Simplified on Tangle voting with dynamic sharding
A bivouac is a structure formed by migratory army ant colonies. A nest is constructed out of living ant workers’ own bodies to protect the colony and is later deconstructed as ants move on.
Introduction
This blogpost series is based on the previous post “Indirect voting using two DAG layers” that tried to simplify the Tangle Multiverse consensus model for analysis. That laid a foundation to this next series, which is my first attempt to merge on Tangle voting with dynamic sharding.
I’d like to start by listing some concepts that are left out from this model for now (in addition to actual algorithms and proofs, i.e. the real work of course).
1.Local mana as a source of trust: In this model we don’t give much detail to the underlying source of trust. I don’t see local mana as a very important concept in the long run and I wrote more about it here. Local mana is a nice addition or temporary solution before a more scalable source of trust is applied, at best. Long term solutions might be DID based, or companies and instances running their identified voter nodes on the network. It might be possible to make this model work also with local mana as a source of trust, but it’s designed to function mainly with participants whose identity is known. There is a short description of the source of trust later on, but it’s far from complete and should be considered as an example. Focus on this post is the actual voting mechanisms.
2. Spam protection and congestion control: This is a huge field and it’ s pretty much left unaddressed here. The network should be capable of protecting honest participants from spam attacks. This should be distinguished from situations where network adoption grows and network matures. In the latter case the amount of sharding can increase without compromising safety. We most likely still need also congestion control mechanisms even though we have sharded ledger state. There are many different ways to approach these problems, but we don’t discuss them here.
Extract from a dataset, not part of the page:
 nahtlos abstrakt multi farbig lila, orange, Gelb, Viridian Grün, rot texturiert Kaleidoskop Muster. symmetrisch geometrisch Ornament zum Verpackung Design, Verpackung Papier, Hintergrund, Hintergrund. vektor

General structure of the model
We begin with Iota Foundations dynamic sharding model where a wide Tangle is divided by practically unlimited shard markers. Tangle is also bend into a ring in a way that by increasing the shard marker one eventually goes around the circle back to the smallest shard marker. If you are not familiar with their sharding approach, there is a blogpost series about it by Hans Moog. Series is not fully completed, but you can find it here. There is also a Youtube presentation that gives a brief explanation of those parts that are still missing from the blog post series. You can watch it here, dynamic sharding starts at 59:20
One problem we face when combining dynamic sharding with on Tangle voting is, that if all voters don’t see similarly sized areas of the Tangle, voters might not see all votes given for a certain transaction. If this might occur, it is really hard to make a reliable voting model.
We aim to solve that problem by introducing a term “slice” to the model. In addition to dividing Tangle by shard markers, we divide the Tangle with (x) lines in a way that between each line (in the beginning) there are similar amounts of shard markers. In this example we could start with (x) being 100. Areas between lines are called a slice. A slice is basically a shard, but we don’t call it a shard because it might get confused with dynamic sharding terminology.
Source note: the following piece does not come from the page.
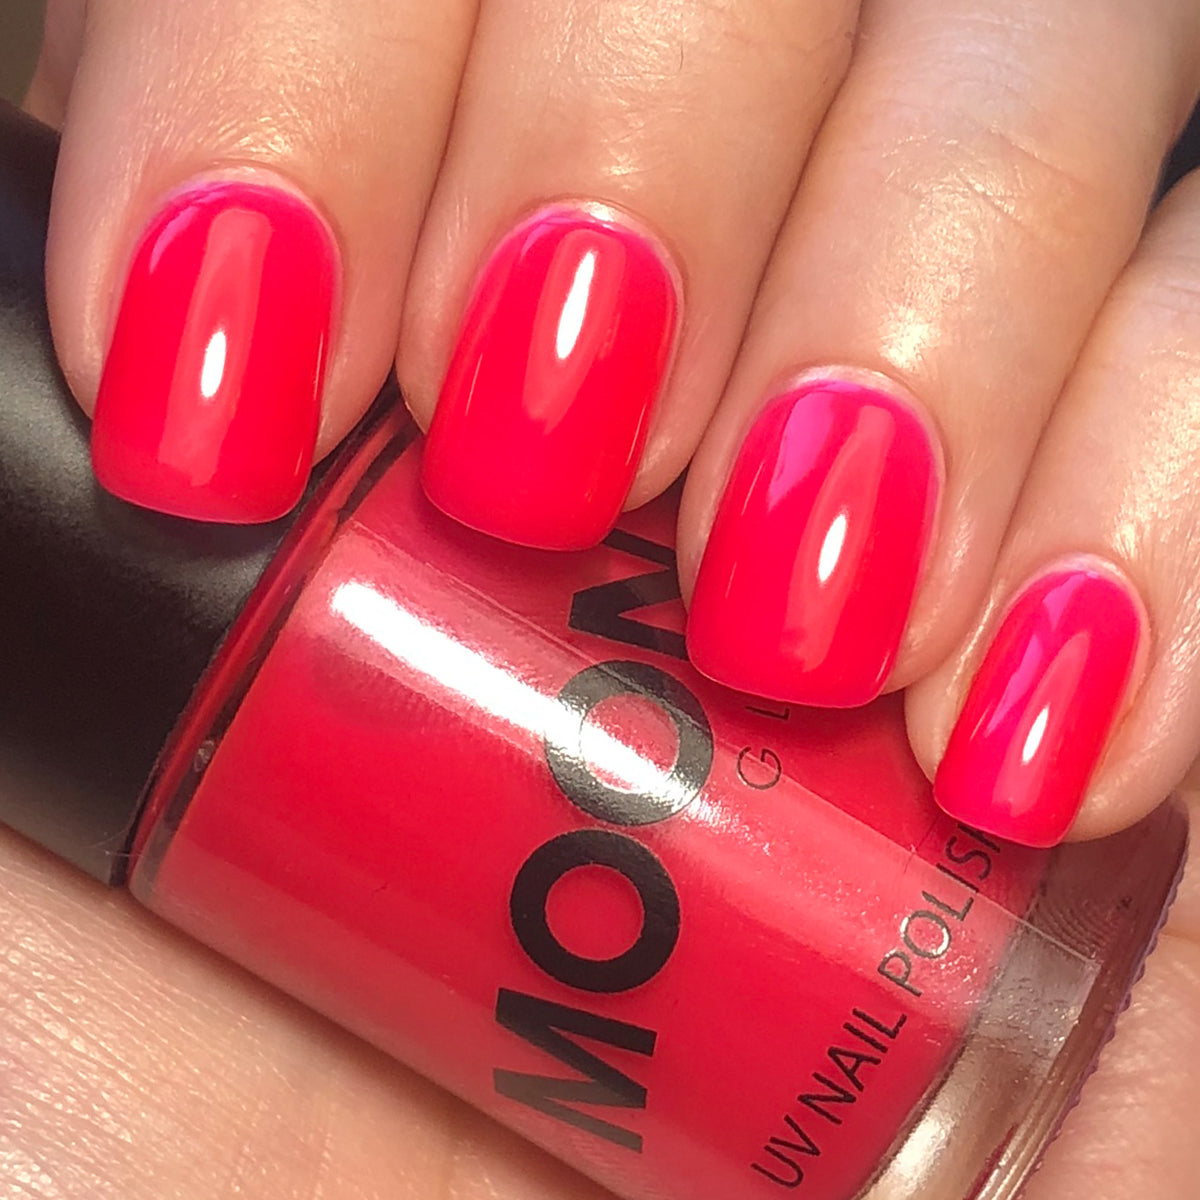 Neon Hot Pink Nail Polish Hand Mixed by Gr8 Nails - Etsy

If we have a distributed system without any sybil protection mechanism, an adversary node can create almost as many sybil nodes as he wants. We aim to use that idea to our advantage and base our dynamic sharding approach to it. Every voter can place as many voting locations (VL) to the Tangle as they want. VL can be considered as a virtual node and all transactions are issued through some VL. Each VL has its own shard marker. Voters can vote in those slices they have a VL. VL can only be issued or removed, but not moved from one place to another. The general idea is that the network could start with every voter having VL at every shard. When the network evolves, voters can adjust the area of the Tangle they are interested in by removing or issuing new VL. The network consists only of VL and their interactions. Every transaction is tied to a certain VL. Votes travel with transactions like in the Indirect voting using two DAG layers model. Votes effect is limited to the slice where issuing VL belongs to. If a voter has multiple VL at a certain slice, it can issue transactions with any of those, but every VL functions separately and creates its own voting structures. Only after voters have determined how each VL votes, the final step is to check if some voters have multiple VL at a slice. Even if a voter issues multiple VL to a certain slice, his voting power remains the same.
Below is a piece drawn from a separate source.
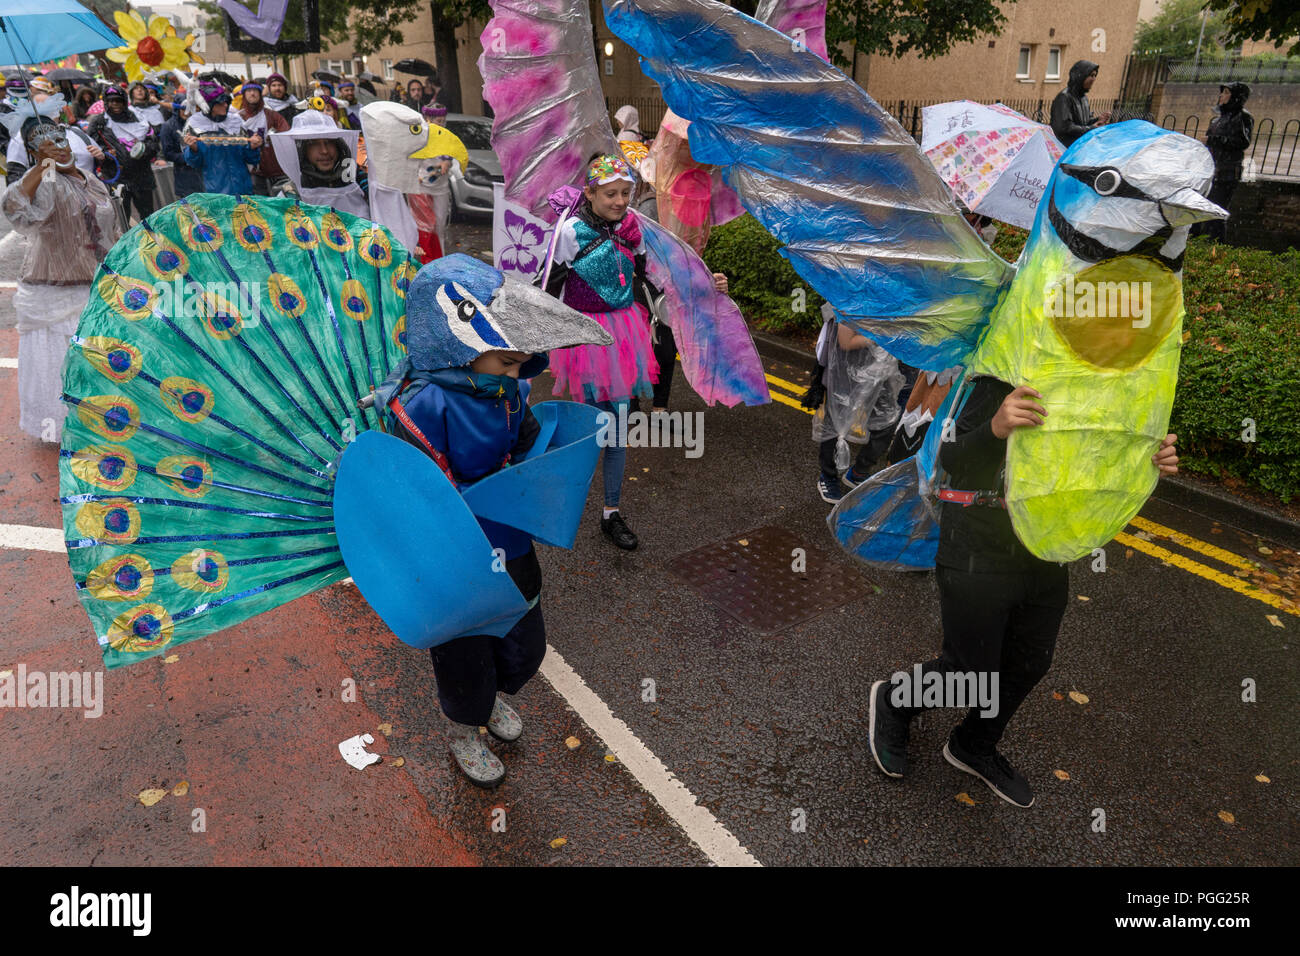 Cardiff, Pays de Galles, le 26 août 2018 : les communautés locales participent à l'Annua lButetown 2018 défilé de carnaval dans la baie de Cardiff, Pays de Galles le 25 août 2018. Crédit : Daniel Damaschin/Alamy Live News Banque D'Images

Every voter that has a VL at a certain slice, follow transactions of that slice and transactions from adjacent slices. This allows voters to reference tips from adjacent slices (in priority layer 2) if the transaction issued is at the border of two slices. In this scenario the voter confirms the transactions from his own slice point of view, but voters at the adjacent slice consider the referenced transaction still as a tip because it doesn’t have any direct or indirect reference that ties it to the voting consensus (at priority layer 2) at its own slice. In other words transactions referenced from another slice don’t gain any votes from those references.
We can’t begin with too many slices. The more slices we have, the less transactions are issued per slice and this correlates to the confirmation time of a transaction. For that reason slices can merge with other slices or split into multiple slices depending on the network load. This is explained in detail at the fourth part of this series. It’s important to note hat the dynamic sharding is made possible by the VL system and every voter can decide how large an area of the network to follow. By changing the size of a slice network just aims to serve users in the best possible way, so it is kind of a maintenance operation.
Area of a slice is determined in the following way: Slice A has area from shard markers equal or larger than a and smaller than b. Slice B has area from shard markers equal or larger than b and smaller than c.
When doing on Tangle voting with slices, it might introduce some new problems. Even though every voter has the same voting power, whether or not there is a VL in between, the “effective voting power” decreases as the number of slices increases. The voter has a certain interest to send transactions at a certain slice, but the attacker might concentrate all it’s conflict spamming to a certain slice. If the voter’s voting area is divided into too many independent slices, he simply might not be interested in sending enough transactions to solve all conflicts in every area. We could solve this by forcing every user to send transactions through nodes owned by a voter, but that brings quite a heavy load on voter nodes.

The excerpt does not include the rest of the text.